Base earnings for the second quarter of 2019 are estimated to be in the range of $.93 to $.99 per diluted share, compared to $.93 per diluted share in the second quarter of 2018. Full-year 2019 base earnings guidance is raised to $3.52 to $3.62 per diluted share, reflecting the better-than-expected first-quarter results. The company previously issued full-year guidance of $3.47 to $3.57.
Full-year 2019 operating cash flow and free cash flow guidance are unchanged at a range of $600 million to $620 million and $225 million to $245 million, respectively.
“Sonoco produced solid first-quarter results, which exceeded the high end of our earnings guidance, as our diverse mix of businesses successfully navigated through what can best be described as sluggish global economic conditions,” said Rob Tiede, president and CEO. “Net sales grew by 3.6%, while GAAP net income attributable to Sonoco was essentially flat, both compared to last year’s first quarter. Base net income gained 15.8% over the prior-year period as a result of earnings from acquisitions, a positive price/cost relationship, improvements in productivity, and a lower effective tax rate, which were only partially offset by modestly lower volume/mix, and the negative impact from foreign exchange translation. GAAP gross profit margin improved by 70 basis points and GAAP operating profit increased 6.2% over the prior year’s quarter, while base operating profit increased 13%.

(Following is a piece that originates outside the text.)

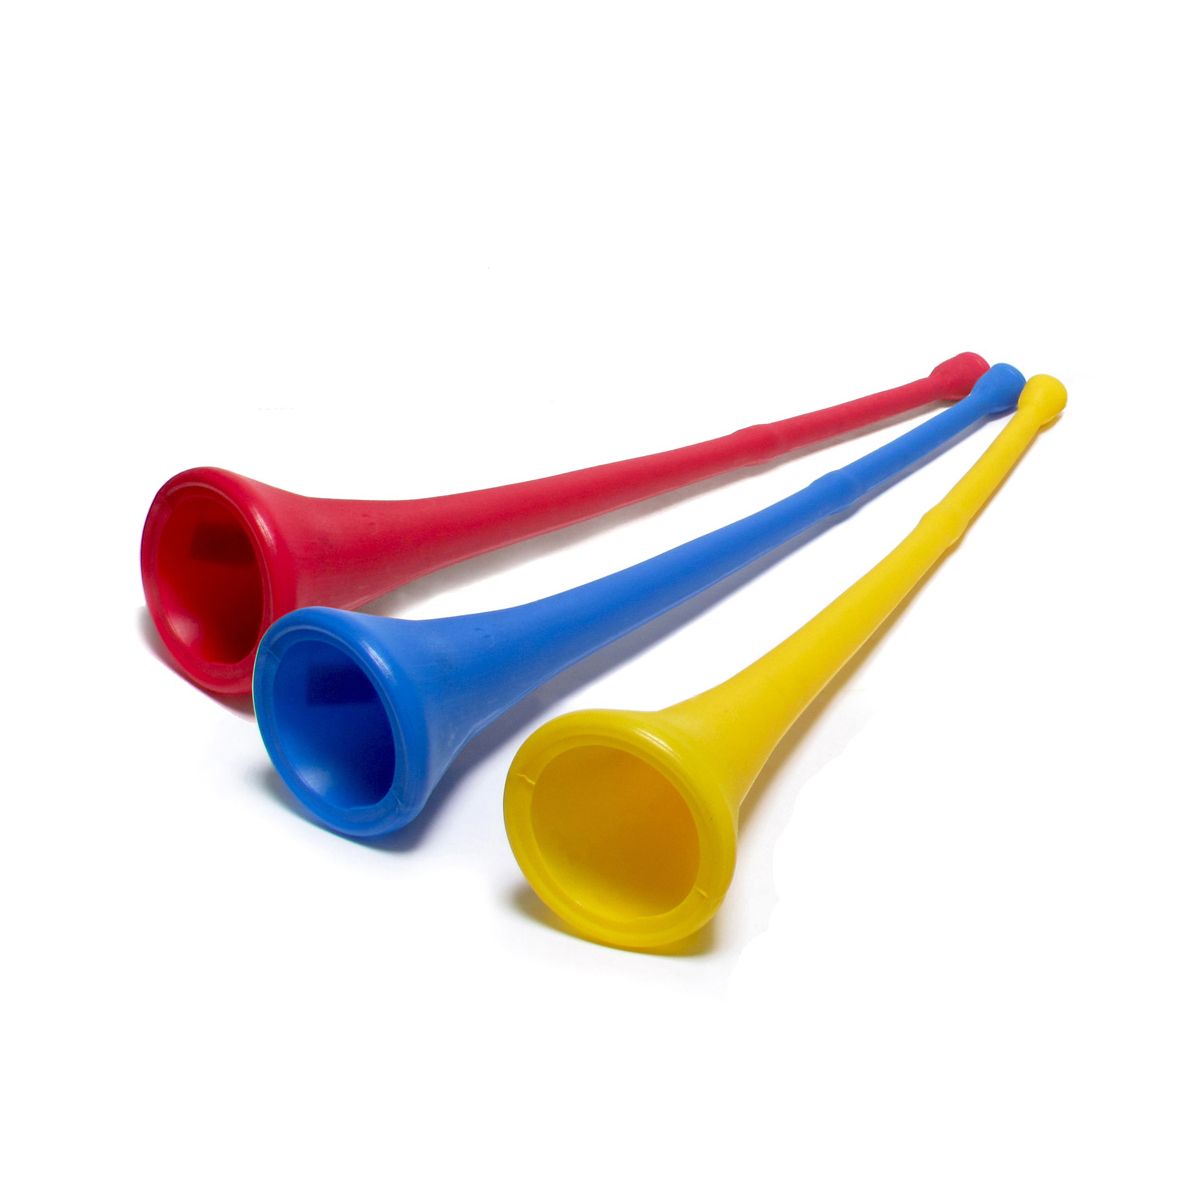 Trąbka Wuwuzela gigant (62 cm) Arpex (SP5894)

“We were extremely pleased that each of our business segments recorded year-over-year improvement in operating earnings during the first quarter,” Tiede added. “Our Consumer Packaging segment reported slightly improved operating results in the first quarter while operating margin declined 19 basis points compared to last year’s period. However, these results were significantly better than the disappointing 2018 fourth-quarter results, as sequentially margins improved by 291 basis points. Our Paper and Industrial Converted Products segment continued to drive strong results, with operating margin improving 112 basis points compared to last year’s first quarter. In addition, the turnaround in our Display and Packaging segment continued, with operating margin expanding 348 basis points over the prior year period, and our Protective Solutions business operating results improved slightly and operating margin expanded by 45 basis points.”
As of March 31, 2019, total debt was approximately $1.41 billion, compared with $1.39 billion as of Dec. 31, 2018, and the company had a total-debt-to-total-capital ratio of 43.9% at end of the first quarter, unchanged from year-end 2018.
“We’re off to a solid start to 2019, and we remain optimistic that we have the initiatives in place to achieve our targets for profitable growth, improved operating margins and strong free cash flow,” Tiede said. “That said, we must also be realistic about the balance of the year as global economic conditions showed some weakness to start the year, and the uncertainty of tariffs, trade disputes and regional policy concerns are still hanging over business and consumer confidence.”